Application of Pubescenoside C in preparation of medicine for preventing and treating myocardial ischemia-reperfusion injury
Technical Field
The invention belongs to the field of biological medicine. More particularly relates to an application of ilex pubescens triterpenoid saponin compound Pubescenoside C in preparing a medicament for preventing and treating myocardial ischemia-reperfusion injury.
Background
Myocardial Ischemia Reperfusion Injury (MIRI) refers to a pathological process that blood supply is recovered within a certain time after myocardial ischemia and ischemic myocardium is more seriously injured in the process of blood perfusion, and the ischemic reperfusion injury myocardial can account for 50% of the area of the whole infarcted myocardium. It is currently believed that the causes of myocardial ischemia-reperfusion injury are mainly oxygen radical (OFR) overproduction, intracellular calcium overload, endothelial cell activation, inflammatory response, etc., and the cytological basis thereof is myocardial cell apoptosis. Aiming at myocardial ischemia reperfusion injury, medicaments such as calcium ion antagonist, receptor antagonist, oxygen radical scavenger and the like are commonly used in experiments to prevent and control the occurrence of cardiovascular diseases such as arrhythmia, cardiac arrest, sudden cardiac death and the like induced by the myocardial ischemia reperfusion injury, but the clinical effect is not satisfied. The pubescent holly root is Ilex pubescens hook, which belongs to Aquifoliaceae (Aquifoliaceae) Ilex plant, is a common Chinese medicine in south China, has the medicinal part of root, has the effects of promoting blood circulation, removing obstruction in channels, relieving swelling and pain, clearing heat and detoxicating, and is widely used for treating coronary heart disease, angina, thromboangiitis obliterans and the like clinically.

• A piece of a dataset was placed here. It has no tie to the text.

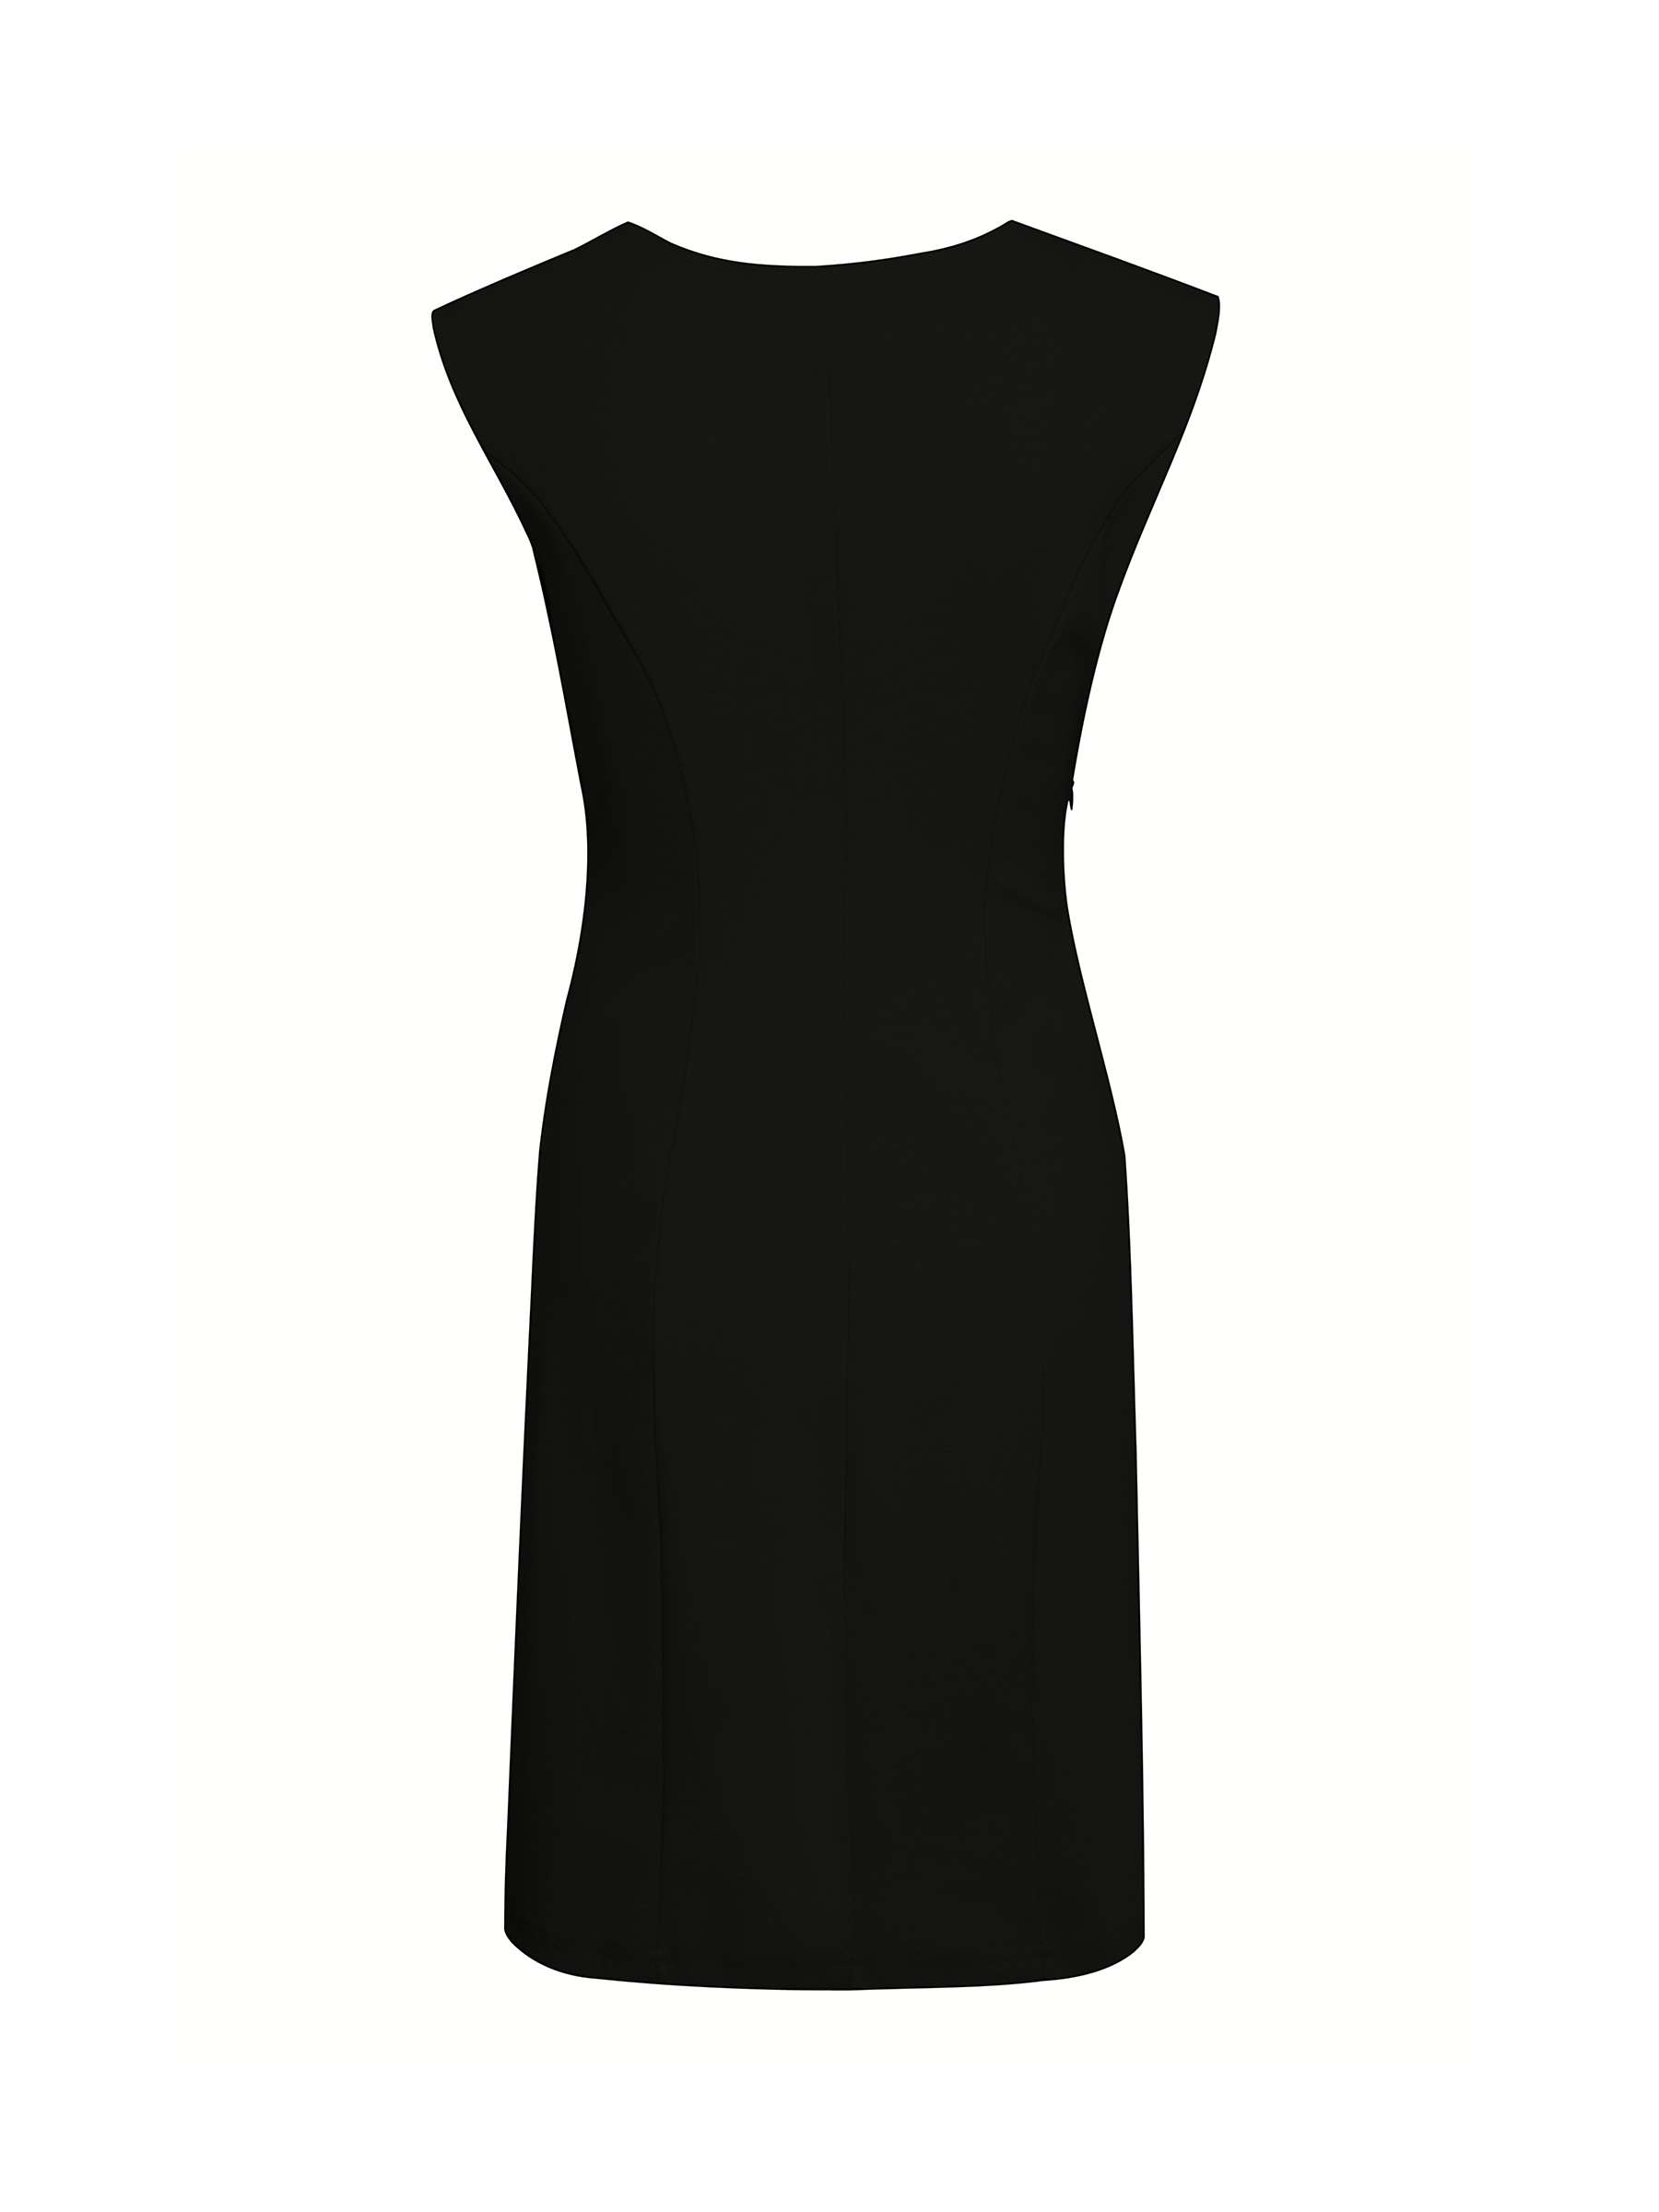 Buy KAFFE India Cocktail Dress, Black Deep Online at johnlewis.com

Chinese patent CN 106892958A discloses a cyclocaryal double bond ursane-type triterpenoid saponin compound, its preparation method and application, the triterpenoid saponin compound is obtained by extracting radix Ilicis Pubescentis with ethanol under reflux, and has antiinflammatory activity; chinese patent CN 109045051A discloses an application of an E-ring cracked ursane type triterpenoid saponin compound, and the compound is also derived from hairy holly root and can be used for preparing medicines for preventing and treating acute myocardial infarction.
Disclosure of Invention
The invention aims to overcome the defects in the prior art and provide the application of the ilex pubescens triterpenoid saponin compound Pubescenoside C in preparing a medicament for preventing and treating myocardial ischemia-reperfusion injury.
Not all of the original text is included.